1. Faith in the Son involves faith in the Father. "He that believeth on me, believeth not on me [only]."

(1) Christ reveals the Father as the supreme Object of faith. The Son as yet was a Revealer of the Father as the supreme Object of faith.

(2) His mission naturally and directly led faith to the Father.

(3) Faith in him was as yet a stepping-stone to faith in the Father. The introduction - the first resting-place of faith on her upward flight to the Supreme. There would be a time when Christ would be revealed as the special Object of faith; but now the Father is revealed as such, and the Revealer keeps in the background.

(4) Yet faith in Christ involves faith in the Father. No one can believe in Christ without believing in the Father. There is such an essential and official connection between the Sender and the Sent that faith in one involves faith in the other. When faith embraces the Son it finds the Father.

2. A spiritual vision of Christ involves a spiritual vision of the Father. "He that seeth me," etc.

(1) Christ is the express Image of his Person.

(2) The express Reflection of his character and attributes.

(3) The express Revelation of his will and purposes.

3. Faith in Christ alone made full faith in the Father possible.

(1) Knowledge is essential to faith. We must know God to some extent before we can exercise an intelligent faith in him. Indeed, appropriated knowledge is faith. "This is life," etc.

(2) Christ alone fully revealed God to mankind, and furnished them with knowledge concerning him. "I am come a Light into the world."
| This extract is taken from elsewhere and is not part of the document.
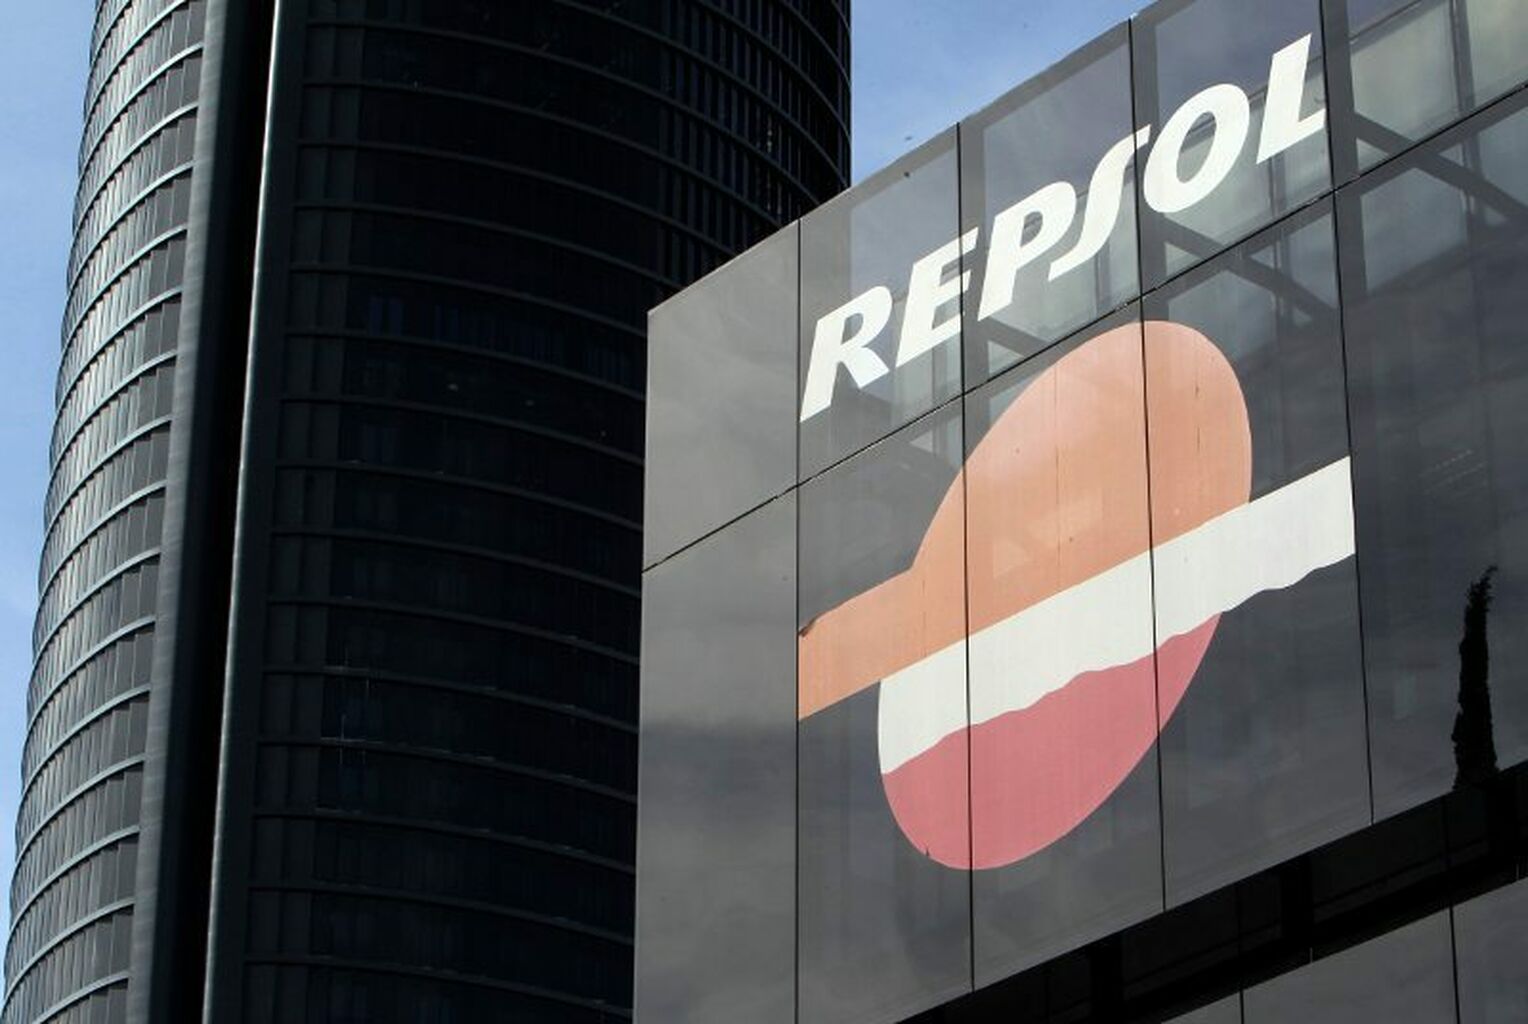 Repsol se revaloriza gracias al aumento del precio del petróleo

(3) Faith in Christ, as the Light, alone can result in faith in the object which it reveals. "That whosoever believeth on me," etc. The enjoyment of light can alone save us from darkness, and bring us face to face with the objects around us. The enjoyment of Christ by faith alone can bring us to enjoy the Father.


1. Unbelief develops itself in two ways.

(1) In attentive hearing but non-observance. (Ver. 47.)

(2) Entire rejection. (Ver. 48.)

2. Both these classes incur judgment.

(1) Not directly by Christ. "I judge him not."

(2) The primary purpose of Christ's mission was not judgment.

(3) Its primary purpose was salvation.

3. The unbeliever's judge is Christ's message. "The Word that I spake," etc.

(1) Judgment is the secondary result of Christ's Word. Its primary and natural result is eternal life. Man turns it into judgment by rejection. When it fails to save on account of unbelief it judges and condemns.

(2) The judgment of the Word is partly present. "He hath," etc. Now the unbeliever is condemned by his own reason and conscience, and in the light of the Word he is self-condemned.

(3) It is more suitable that the Word should judge now than if Christ were to do so. He could not directly judge and save at the same time. But his Word must condemn when it fails to benefit.

(4) The final and full judgment of the Word will be in the .future. "At the last day," etc. Then the judgment by the Word will be published, and reach its finality. The Word, like Christ, is unchangeable. The rejected Word will judge. It will be the same at the last day as now, and will deliver its final verdict.


1. His mission was purely Divine.

(1) It was not self-derived. "I have not spoken of myself," etc. This in his case would be an impossibility, for he and the Father are one.

(2) It was not a mixture of the human and the Divine.

(3) It was purely the will of the Father.

2. His mission was minutely defined.

(1) It was embodied in a Divine command. (Ver. 49.)

(2) This command embraced the minutest details of his mission. "What I should say and speak," etc.

(3) This command was ever present to him in his inward consciousness, written as a law in his heart. It was the inspiration of every thought and the burden of every word. It was, in fact, a part of himself.

3. His mission was fully understood by him. "And I know," etc.

(1) Understood in its natural results. "Life everlasting."

(2) Understood in its awful importance. The fate of the human family hung on his message.

(3) Understood most absolutely. "I know." It is not "I think or believe."

4. His mission was most faithfully discharged.

(1) Without any additions.

(2) Without any deductions.

(3) With the most devoted fidelity. With regard to its substance and spirit, it was discharged with the greatest care. There was no partiality for favors, no evasions on account of frowns, no pandering to taste, no fishing for praise; there was no attempt to please any one but his Father.


1. There was intense earnestness. "He cried," and why?

(1) There was great danger. Judgment was at hand.

(2) There was a slight possibility to avert it. There was a little intervening time. It was brief, but must be used, and his message must be published.

(3) It was his last opportunity. His farewell sermon to the public.

2. A special effort is made. "He cried."

(1) He was intensely desirous to gain hearing and attention.

(2) He was intensely desirous to be understood.

(3) He was intensely desirous to be believed. Hence he did what was unusual for him - "he cried;" and the ministry to this day is the echo of that cry of Jesus. - B.T.